Your objective:
Please repeat the records below exactly, from the first line through the line containing "Čelné sklo Audi - Oprava a výmena autoskla", and nothing more.

*** Dataset extract ***

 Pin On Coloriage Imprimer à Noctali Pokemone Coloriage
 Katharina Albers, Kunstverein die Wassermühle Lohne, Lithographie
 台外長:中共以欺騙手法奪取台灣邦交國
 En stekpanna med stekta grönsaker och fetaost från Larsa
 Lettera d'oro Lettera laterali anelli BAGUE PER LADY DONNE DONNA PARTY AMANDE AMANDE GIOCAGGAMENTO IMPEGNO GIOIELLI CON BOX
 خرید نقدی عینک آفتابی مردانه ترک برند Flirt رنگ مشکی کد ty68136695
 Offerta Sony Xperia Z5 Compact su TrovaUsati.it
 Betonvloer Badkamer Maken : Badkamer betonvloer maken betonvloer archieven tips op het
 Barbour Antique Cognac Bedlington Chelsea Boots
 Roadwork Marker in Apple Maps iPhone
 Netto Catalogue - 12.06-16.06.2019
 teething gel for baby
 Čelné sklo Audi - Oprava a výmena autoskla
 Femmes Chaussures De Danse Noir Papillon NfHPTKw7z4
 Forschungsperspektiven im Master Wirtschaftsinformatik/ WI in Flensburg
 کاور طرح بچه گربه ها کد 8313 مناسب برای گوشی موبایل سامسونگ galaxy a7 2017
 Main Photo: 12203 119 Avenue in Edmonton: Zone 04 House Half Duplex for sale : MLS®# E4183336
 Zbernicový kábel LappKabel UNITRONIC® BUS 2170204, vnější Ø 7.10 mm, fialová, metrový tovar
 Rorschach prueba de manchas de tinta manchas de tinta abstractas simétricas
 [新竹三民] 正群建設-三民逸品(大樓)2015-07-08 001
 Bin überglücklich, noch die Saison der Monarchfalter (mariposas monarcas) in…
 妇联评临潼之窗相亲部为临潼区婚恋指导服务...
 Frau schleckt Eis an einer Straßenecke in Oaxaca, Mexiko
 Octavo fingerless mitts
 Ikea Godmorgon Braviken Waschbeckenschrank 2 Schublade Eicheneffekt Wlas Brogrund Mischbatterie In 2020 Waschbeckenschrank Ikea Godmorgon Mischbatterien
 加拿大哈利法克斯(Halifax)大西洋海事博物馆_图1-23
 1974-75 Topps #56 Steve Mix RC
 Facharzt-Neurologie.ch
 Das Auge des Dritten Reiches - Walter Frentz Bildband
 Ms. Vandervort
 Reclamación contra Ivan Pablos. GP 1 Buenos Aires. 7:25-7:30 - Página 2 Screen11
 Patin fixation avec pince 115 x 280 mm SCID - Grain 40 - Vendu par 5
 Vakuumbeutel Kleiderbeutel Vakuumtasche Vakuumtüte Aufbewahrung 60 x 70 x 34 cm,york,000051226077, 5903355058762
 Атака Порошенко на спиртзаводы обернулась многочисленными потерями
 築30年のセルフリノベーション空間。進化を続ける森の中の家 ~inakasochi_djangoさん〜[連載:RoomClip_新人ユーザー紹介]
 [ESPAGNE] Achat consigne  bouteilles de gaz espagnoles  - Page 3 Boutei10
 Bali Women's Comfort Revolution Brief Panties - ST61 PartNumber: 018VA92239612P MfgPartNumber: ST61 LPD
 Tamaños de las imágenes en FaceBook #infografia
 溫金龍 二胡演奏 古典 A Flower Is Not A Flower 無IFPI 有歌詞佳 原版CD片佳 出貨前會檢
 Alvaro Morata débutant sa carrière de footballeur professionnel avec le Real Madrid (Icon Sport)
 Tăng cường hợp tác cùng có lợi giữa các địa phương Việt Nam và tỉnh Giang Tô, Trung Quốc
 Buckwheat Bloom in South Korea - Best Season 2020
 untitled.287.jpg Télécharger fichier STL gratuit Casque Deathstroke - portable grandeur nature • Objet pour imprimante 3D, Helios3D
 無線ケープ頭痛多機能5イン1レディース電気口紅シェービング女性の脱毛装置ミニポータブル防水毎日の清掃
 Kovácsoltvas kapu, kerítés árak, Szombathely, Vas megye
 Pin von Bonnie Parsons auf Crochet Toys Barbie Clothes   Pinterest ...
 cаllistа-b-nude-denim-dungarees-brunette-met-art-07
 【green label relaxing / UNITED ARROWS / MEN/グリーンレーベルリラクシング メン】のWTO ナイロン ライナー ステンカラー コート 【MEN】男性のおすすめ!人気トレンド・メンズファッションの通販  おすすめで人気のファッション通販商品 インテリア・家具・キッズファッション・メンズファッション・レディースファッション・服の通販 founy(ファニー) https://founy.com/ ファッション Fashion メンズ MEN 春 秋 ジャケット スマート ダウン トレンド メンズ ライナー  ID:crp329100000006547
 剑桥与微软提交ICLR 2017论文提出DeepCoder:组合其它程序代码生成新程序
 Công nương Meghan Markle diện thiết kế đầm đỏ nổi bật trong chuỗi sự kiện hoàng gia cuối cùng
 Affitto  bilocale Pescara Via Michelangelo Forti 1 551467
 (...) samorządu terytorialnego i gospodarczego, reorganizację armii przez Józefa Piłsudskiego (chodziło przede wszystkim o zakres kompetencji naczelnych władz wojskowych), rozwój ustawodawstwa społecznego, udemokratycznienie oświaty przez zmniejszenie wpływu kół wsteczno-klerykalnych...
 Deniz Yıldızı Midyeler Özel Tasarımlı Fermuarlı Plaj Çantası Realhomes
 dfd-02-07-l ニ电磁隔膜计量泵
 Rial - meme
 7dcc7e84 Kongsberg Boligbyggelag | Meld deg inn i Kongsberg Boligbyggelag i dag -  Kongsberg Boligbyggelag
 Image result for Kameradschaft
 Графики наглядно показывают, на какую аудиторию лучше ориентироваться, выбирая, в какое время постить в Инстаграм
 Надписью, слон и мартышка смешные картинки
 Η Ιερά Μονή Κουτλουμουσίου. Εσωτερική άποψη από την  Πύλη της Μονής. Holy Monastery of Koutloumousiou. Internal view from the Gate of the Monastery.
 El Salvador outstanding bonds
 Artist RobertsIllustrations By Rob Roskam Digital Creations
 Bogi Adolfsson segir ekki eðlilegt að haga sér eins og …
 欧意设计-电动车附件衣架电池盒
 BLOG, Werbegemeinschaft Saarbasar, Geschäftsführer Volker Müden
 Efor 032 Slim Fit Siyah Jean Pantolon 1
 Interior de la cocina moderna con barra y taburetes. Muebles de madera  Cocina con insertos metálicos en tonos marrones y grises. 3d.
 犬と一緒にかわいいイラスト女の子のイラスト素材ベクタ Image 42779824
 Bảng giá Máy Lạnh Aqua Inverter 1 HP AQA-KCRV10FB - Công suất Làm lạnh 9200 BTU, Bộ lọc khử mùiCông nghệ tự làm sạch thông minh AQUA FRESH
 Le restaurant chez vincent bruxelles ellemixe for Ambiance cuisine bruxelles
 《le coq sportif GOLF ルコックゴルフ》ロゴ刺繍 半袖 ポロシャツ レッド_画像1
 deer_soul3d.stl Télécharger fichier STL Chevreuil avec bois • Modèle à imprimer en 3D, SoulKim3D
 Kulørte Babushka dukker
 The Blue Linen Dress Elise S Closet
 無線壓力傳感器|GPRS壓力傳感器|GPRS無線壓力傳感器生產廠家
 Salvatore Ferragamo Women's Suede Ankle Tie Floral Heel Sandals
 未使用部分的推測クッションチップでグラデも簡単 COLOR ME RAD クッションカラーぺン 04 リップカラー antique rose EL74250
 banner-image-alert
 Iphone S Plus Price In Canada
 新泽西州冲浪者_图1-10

*** End of Dataset extract ***

Solution to the exercise:
 Pin On Coloriage Imprimer à Noctali Pokemone Coloriage
 Katharina Albers, Kunstverein die Wassermühle Lohne, Lithographie
 台外長:中共以欺騙手法奪取台灣邦交國
 En stekpanna med stekta grönsaker och fetaost från Larsa
 Lettera d'oro Lettera laterali anelli BAGUE PER LADY DONNE DONNA PARTY AMANDE AMANDE GIOCAGGAMENTO IMPEGNO GIOIELLI CON BOX
 خرید نقدی عینک آفتابی مردانه ترک برند Flirt رنگ مشکی کد ty68136695
 Offerta Sony Xperia Z5 Compact su TrovaUsati.it
 Betonvloer Badkamer Maken : Badkamer betonvloer maken betonvloer archieven tips op het
 Barbour Antique Cognac Bedlington Chelsea Boots
 Roadwork Marker in Apple Maps iPhone
 Netto Catalogue - 12.06-16.06.2019
 teething gel for baby
 Čelné sklo Audi - Oprava a výmena autoskla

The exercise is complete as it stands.